社会

ABEMA TIMES

2026年1月22日 12:15

メンズエステ美人局の被害に…実態は?100万円支払った当事者「パンツを下ろされて上から乗られ…」

メンズエステ美人局の被害に…実態は?100万円支払った当事者「パンツを下ろされて上から乗られ…」
広告
1

 2023年に施行された「不同意性交等罪」によって、同意がないまま性行為をした場合、処罰されることになった。しかし、その不同意を逆手に取り、いまメンズエステでの美人局が横行している。

【映像】セラピストが“本番行為”を提案する様子(実際のDM)

 メンズエステとは、女性セラピストが男性に対し、全身マッサージなどを行うリラクゼーションサロンのこと。

 被害者を救うはずが、悪用行為も横行する「性的同意」問題に、どう対処すればいいのか。『ABEMA Prime』では、被害にあったという当事者、専門家と考えた。

■メンズエステで美人局被害に遭った当事者

ナカノさん

 ナカノさん(20代)は、SNSで知り合ったセラピストの女性から、事前に「いくら払うと本番ができるよ」と、裏オプションによる性的なサービスを持ちかけられていたそうだ。施術のためにマンションの1室を訪れた時も、「今回は本当にエステだけ受けに来た」と話したが、「私の方から気分が高まって誘いかけてもいいの?」と聞かれて、うやむやにしたと振り返る。

 そして、「だんだん向こうが過激になって、パンツを下ろされて上から乗られた。いわゆる本番行為があった」という。自分から触ってはおらず、一方的に迫られて本番行為に。すると突然、部屋に別の女性が入ってきて、その後オーナーと称する男が登場した。

 ナカノさんは、その時のやりとりを一部録音していた。「罰金になる。本番は100万〜300万円という相場がある」と話すオーナーに、ナカノさんは「僕は寝転がっただけ」と主張したが、「でも多分入れたのだろう。そもそも犯罪行為だ。例えば女の子に話を聞いたら、『無理やりやられた』。本当かもしれないし、ウソかもしれない。そういうのをやられたら、300万円になる」と迫られた。

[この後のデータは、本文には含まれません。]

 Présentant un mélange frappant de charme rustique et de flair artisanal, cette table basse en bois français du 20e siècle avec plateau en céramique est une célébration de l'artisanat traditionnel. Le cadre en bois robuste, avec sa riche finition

 結局ナカノさんは、禁止行為への罰金として、100万円を支払わされたという。「『実刑になるからお金を払え』。犯罪を逆手にとって、うまいことだまし取れるようになってきている実態があるのではないか」。

 当時の状況を「恥ずかしながら、何度かメンズエステに行ったことがあった。中にはオプション代を払えば、施術以上のことがあるとのうわさがあり、実際に経験もした。今回はSNSでセラピストと個人的につながり、話をもらった。経験があった以上、『またあるかも』と淡い期待があった」と回想する。

■「弁護士を通した方がいいケースは多い」

清水祐太郎弁護士

 メンズエステや風俗店の実態、美人局被害にも詳しい清水祐太郎弁護士は、「本番をしていた場合は、売春防止法に違反する可能性がある。本番でなくても、手や体を密着させて性的行為があると、店側が風営法に問われる可能性がある」と説明する。

 類似事案も増えており、「美人局ではないにせよ、許されていない状態で体を触り、トラブルになる件数が、弊所だと昨年は250件くらいあった。数年前は100件弱だったが、一昨年あたりから徐々に増えている状況だ」という。

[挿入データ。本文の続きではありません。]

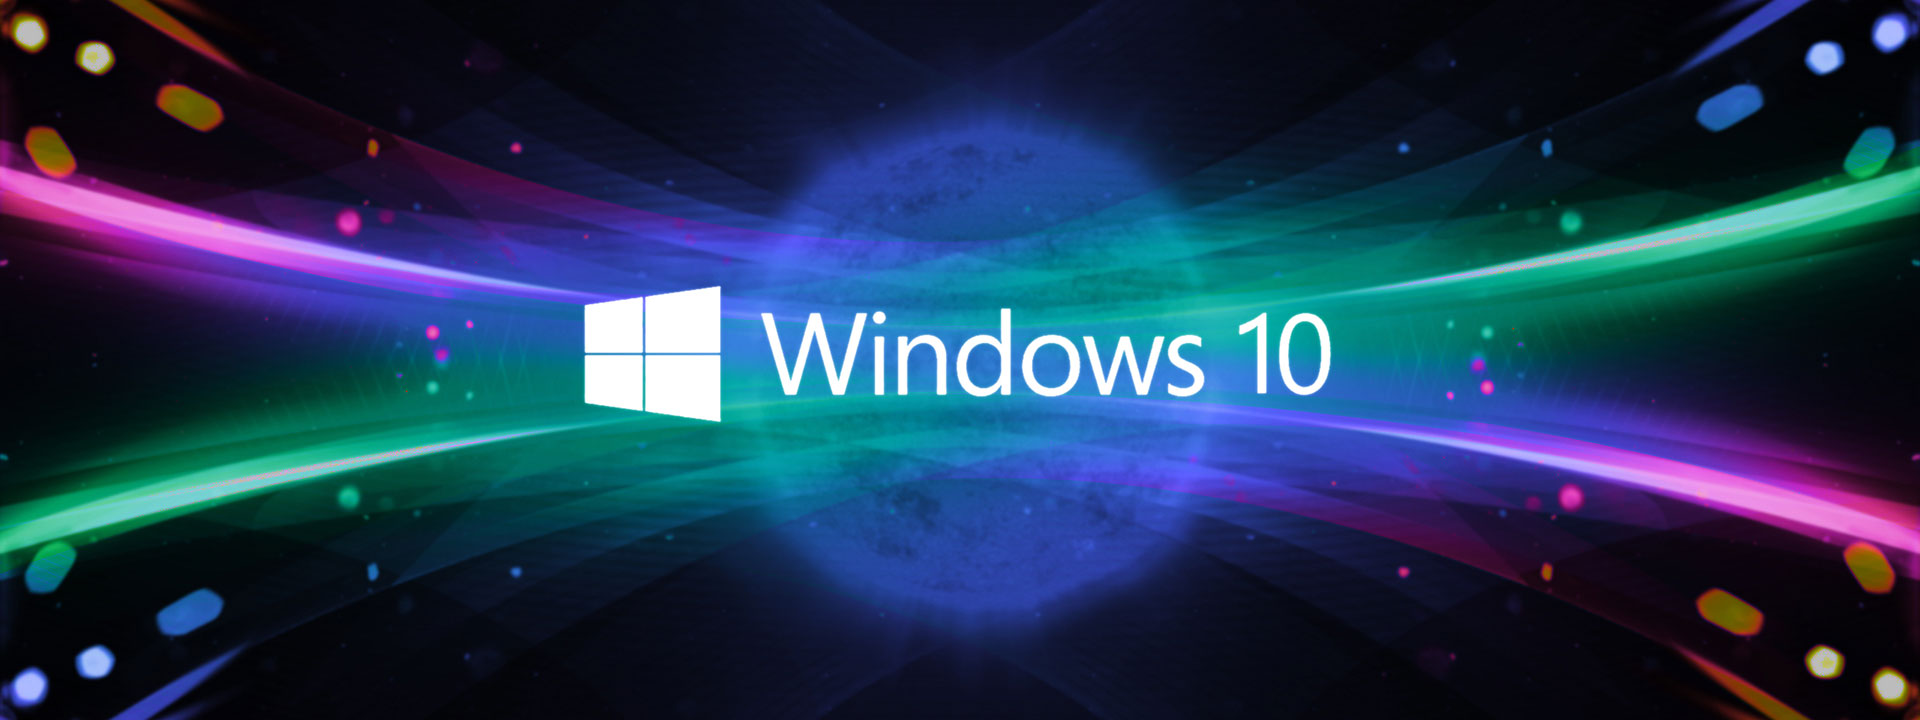 Bạn đang cần cập nhật phiên bản mới nhất cho hệ điều hành Windows 10 của mình? Bạn không chỉ được cải thiện về hiệu suất và tính năng, mà còn được bảo mật tốt hơn với các bản vá lỗi mới nhất. Hãy tận dụng tính năng đầy tiện ích này để luôn có được một hệ điều hành Windows 10 đáng tin cậy và tối ưu hơn.

 事後対応については、「ナカノさんのように、向こうから全部されたケースは、『そもそも美人局じゃないか』と、何も支払わないと突っぱねることもある。ただ多くのトラブルは、ちょっと触ってしまった、本番までしてしまったということが多く、示談に至るケースも結構多い」のだそうだ。

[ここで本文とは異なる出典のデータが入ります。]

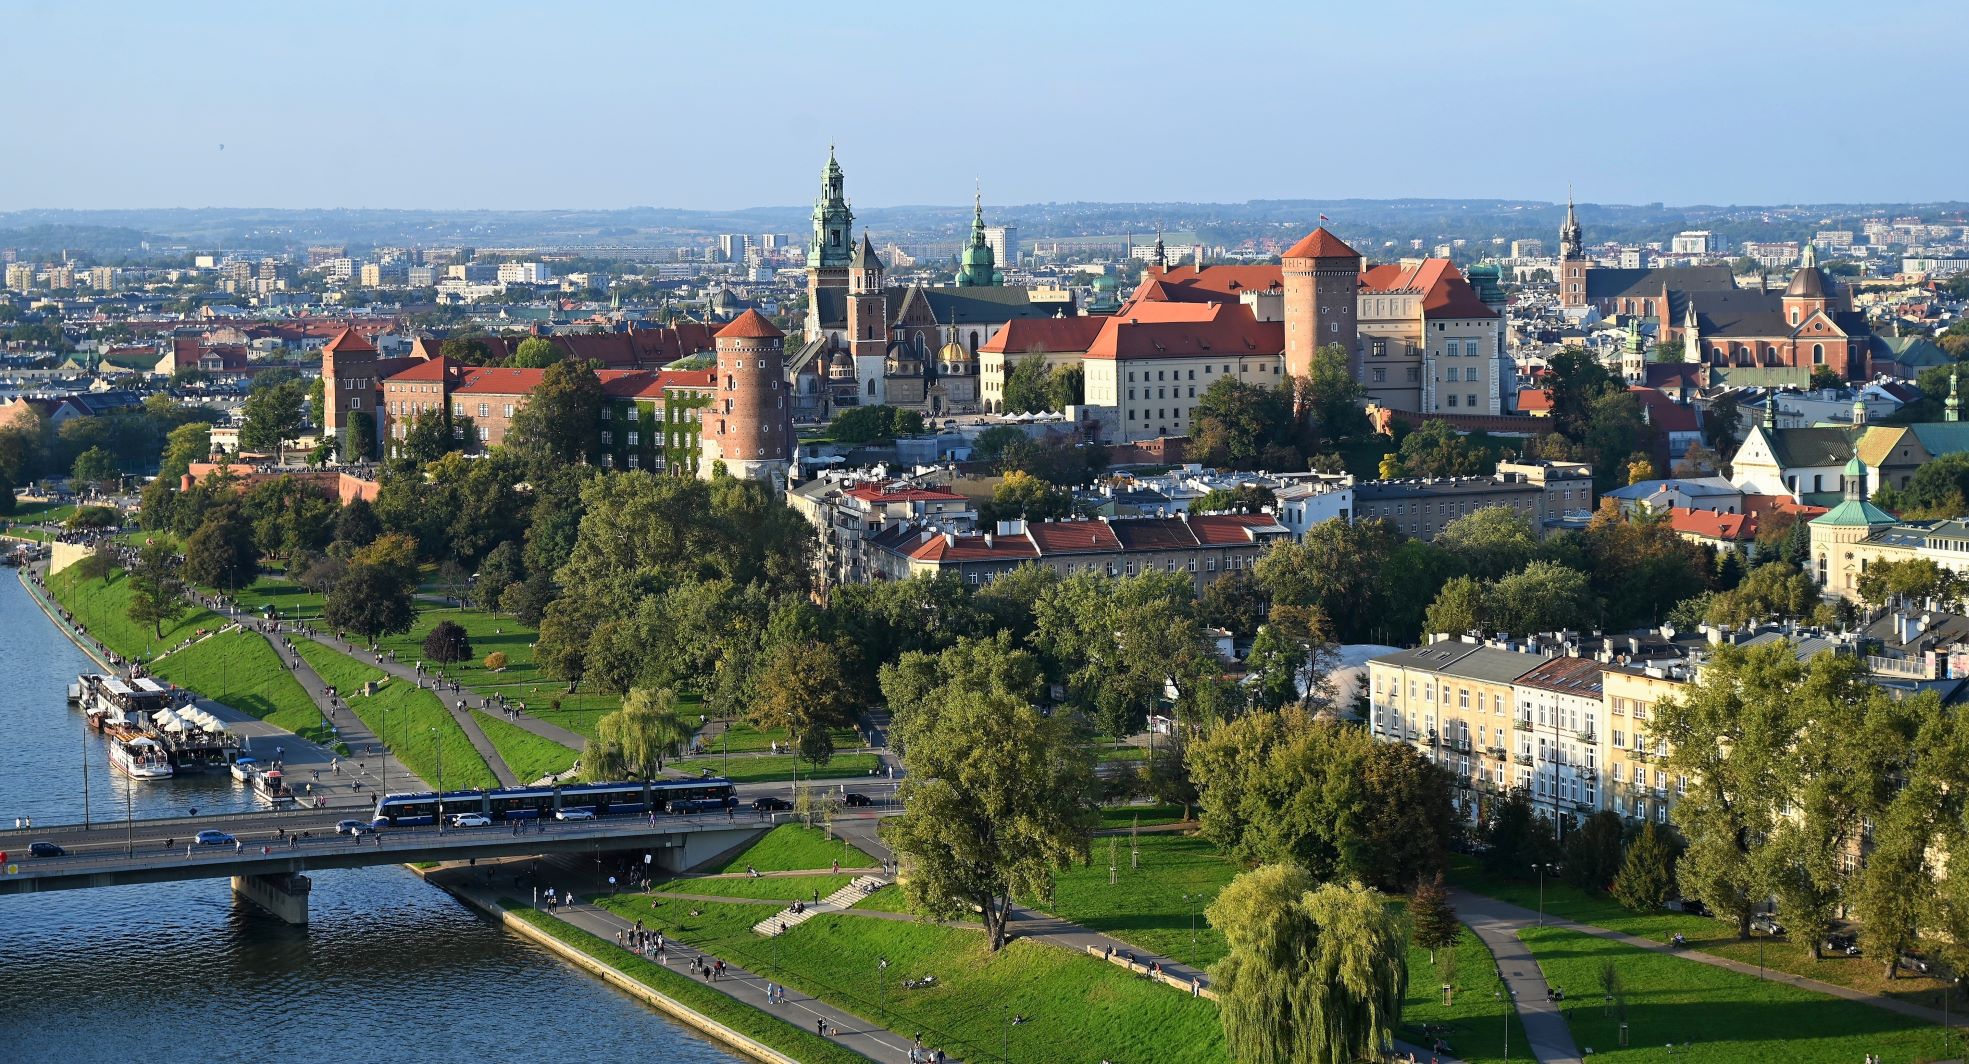 Kraków polecany zagranicznym turystom, ale nie w pierwszej kolejności

 その場で支払うことで解決する場合もあるが、「悪質な店の場合、さらにカモにされる可能性もある。費用がかかってしまうデメリットはあるが、きちんと示談して、それ以上請求されないようにするためにも、弁護士を通した方がいいケースは多い」と話す。

■性的同意の4原則

メンズエステでの性的行為

 性的同意には4つの原則がある。NOと言える環境が整っている「非強制性」と、社会的地位や力関係に左右されない対等な関係の「対等性」、1つの行為への同意は他の行為への同意を意味せずその都度確認が必要(※いつでも「やめて」と言える)という「非継続性」、そしてその行為が「したい」という明確で積極的な同意がある「明確性」だ。

 カンニング竹山は「男女には風俗だけでなく、飲み会で出会うなど、いろいろな関係性がある。男女両方ともが笑顔で『やるか』と合意したパターンではなく、一方が口説いて『いいだろ?』と求めるのはやめておくのが一番いい」と提案する。

 ナカノさんは被害届を出さず、現在は消費者金融から借りたお金を返済しているという。「後からだと互いにメッセージもやりとりできない。警察に行っても、『行為以上のことがあったか』が論点になると、自分に罪がなくても、社会的地位に多少は傷が入る。もうメンズエステには行かない」。